È morto un uomo straordinario. Si chiamava Ferruccio Laffi, era uno degli ultimi sopravvissuti della Strage di Marzabotto. Aveva 95 anni.
Ne aveva sedici il 30 settembre del 1944 quando, tornando nella sua casa di Monte Sole, trovò l’intera famiglia ammazzata dai nazifascisti: mamma, papà, fratelli, sorelle. 14 persone in tutto, trucidati insieme a migliaia di italiani innocenti.

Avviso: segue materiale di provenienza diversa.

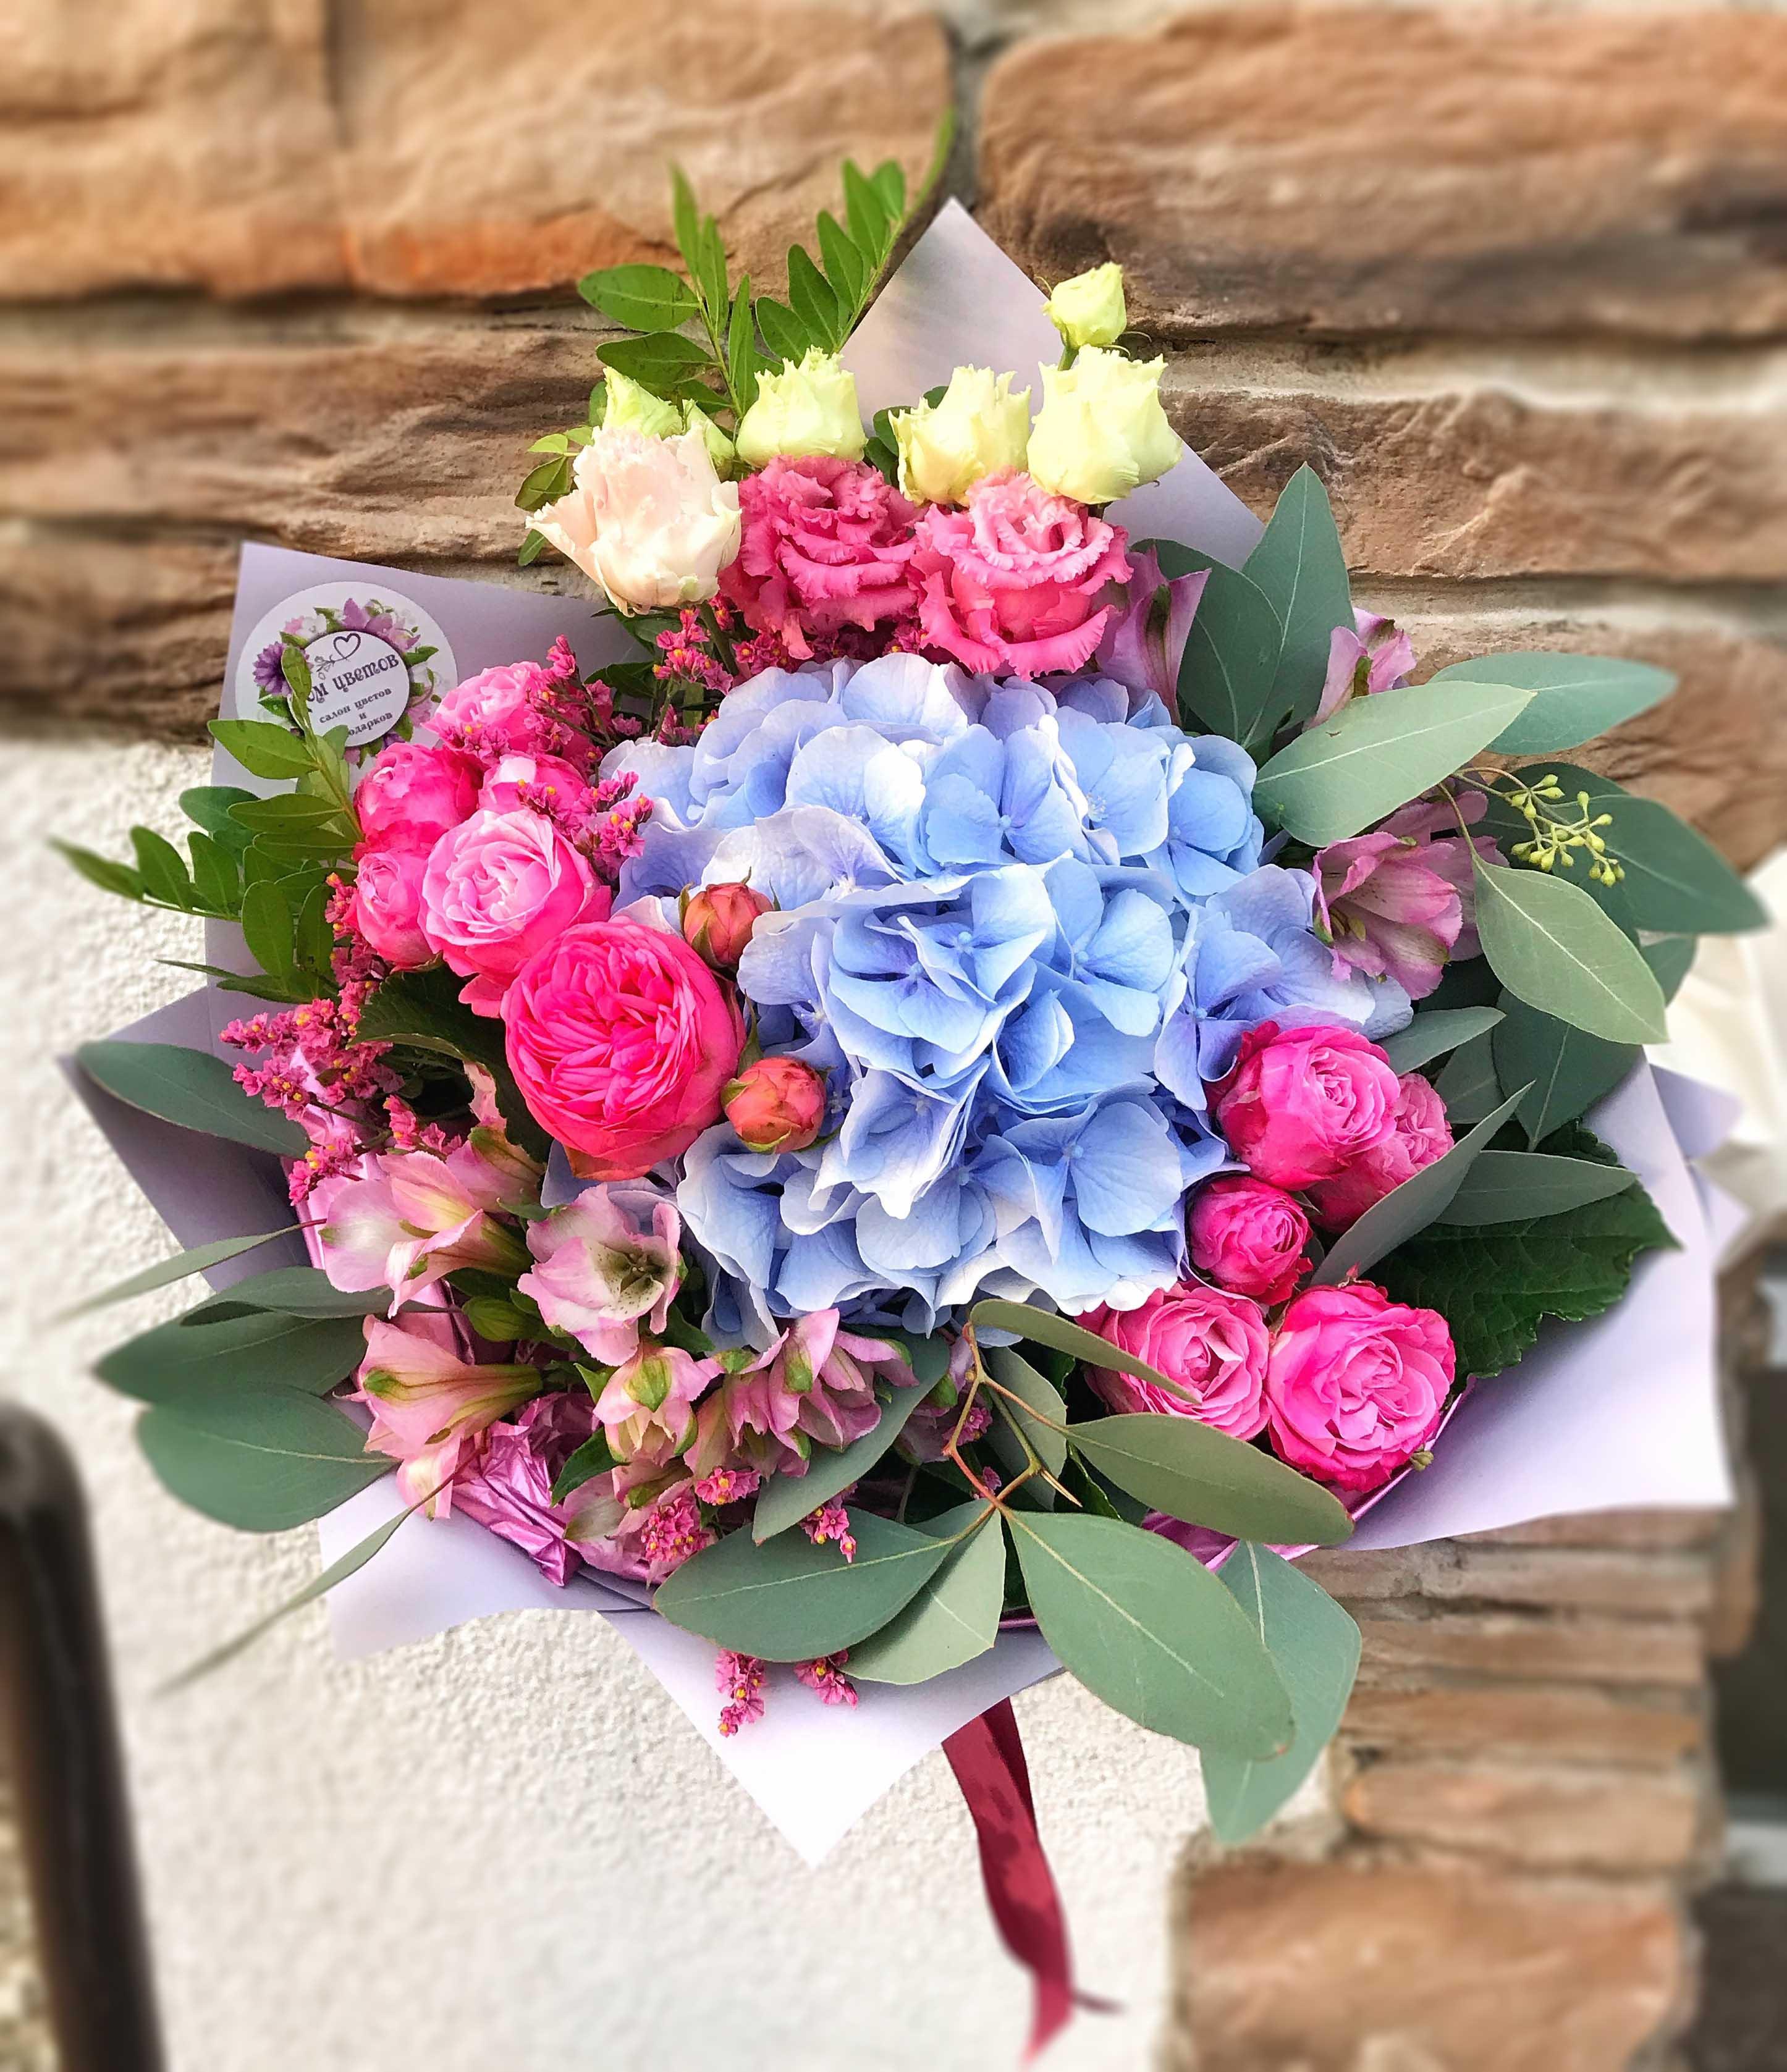 Купить цветы в минске утром, букет из гвоздик на день рождения

Li ammazzarono uno per uno, nelle case, nelle cascine, persino nelle chiese, donne, anziani e bambini, alcuni fucilati sul posto, altri bruciati vivi, altri ancora decapitati. In tutto alla fine saranno 1830 le vittime. Per una settimana intera. Non importava se avessero combattuto o no, se fossero o meno partigiani. I nazisti erano arrivati sull’Appennino bolognese con un piano preciso in testa: ammazzare qualunque essere umano in grado di respirare. E così fecero.
Ferruccio Laffi si salvò per miracolo, andandosi a nascondere nel bosco. Quando tornò a casa e vide quei 14 corpi, li seppellì uno per uno con le sue mani. Avete idea di cosa significhi una cosa simile, a 16 anni, solo al mondo?

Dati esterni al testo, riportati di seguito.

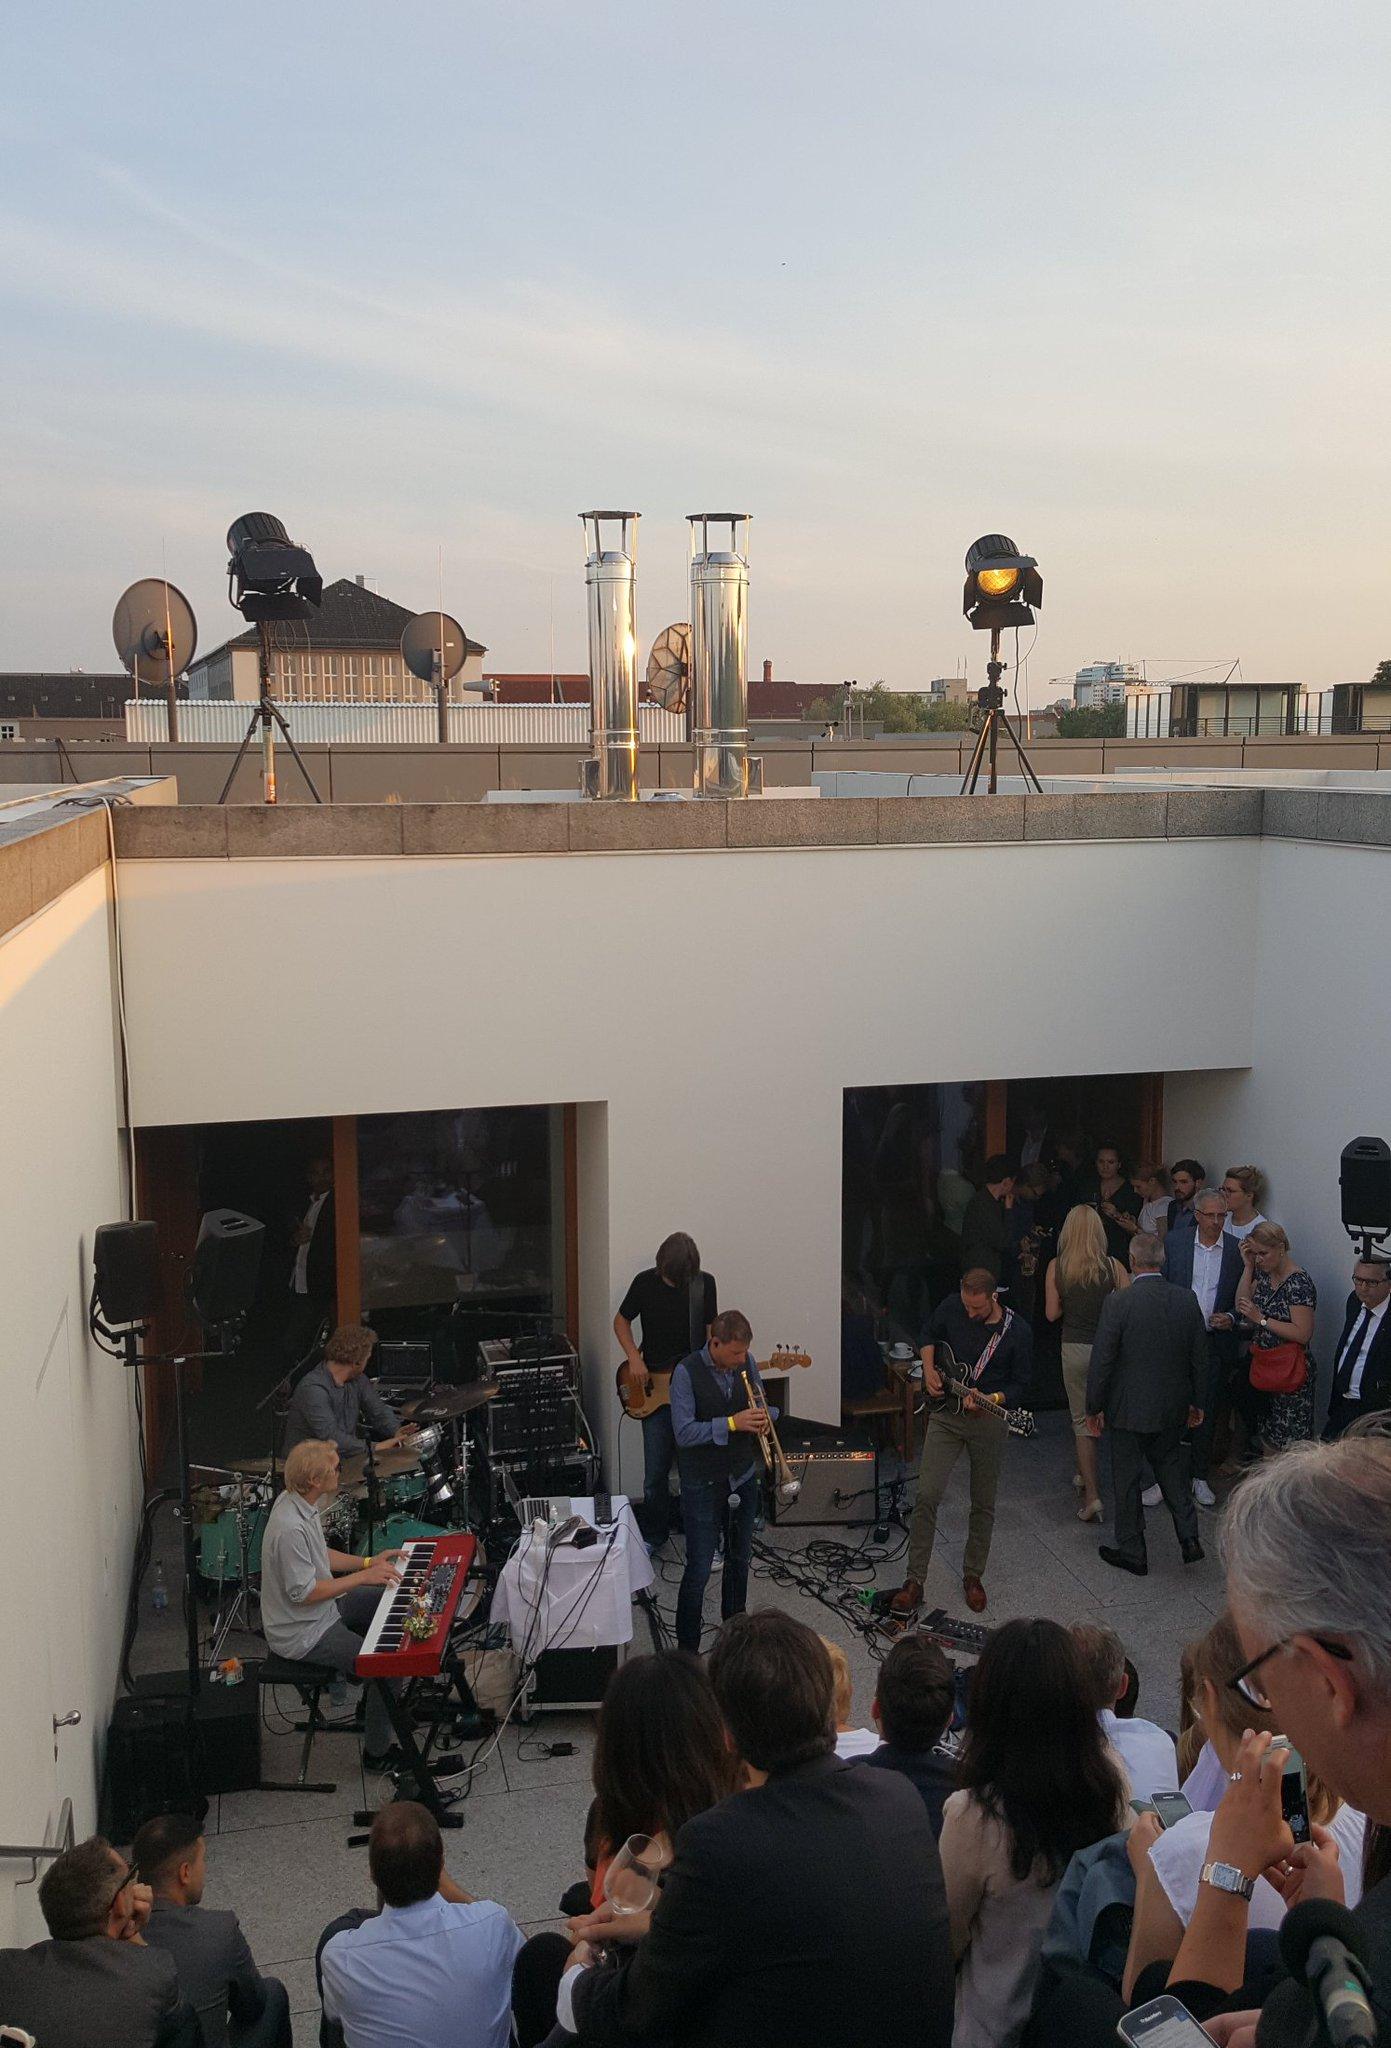 S'Ländle groovt in Berlin @Siffling mit Band gestern auf Dachterrasse Landesvertretung BaWü @RegierungBW #Stallwächterparty https://t.co/ys5pLeDEAs

Ha trascorso metà della sua vita a cercare di dimenticare l’orrore.
E, quando ha capito che era impossibile, ha cominciato a raccontarlo. A testimoniare. A denunciare, a chiedere (e infine ottenere) giustizia. Perché altri, dopo di lui, non lo potessero più cancellare.
Con Ferruccio Laffi perdiamo tantissimo. Un testimone, una memoria vivente, un essere umano di una bellezza rarissima in questi tempi balordi di nostalgie e di rigurgiti neri.
Mancherà come l’aria il suo esempio.
Che la terra gli sia lievissima, almeno ora.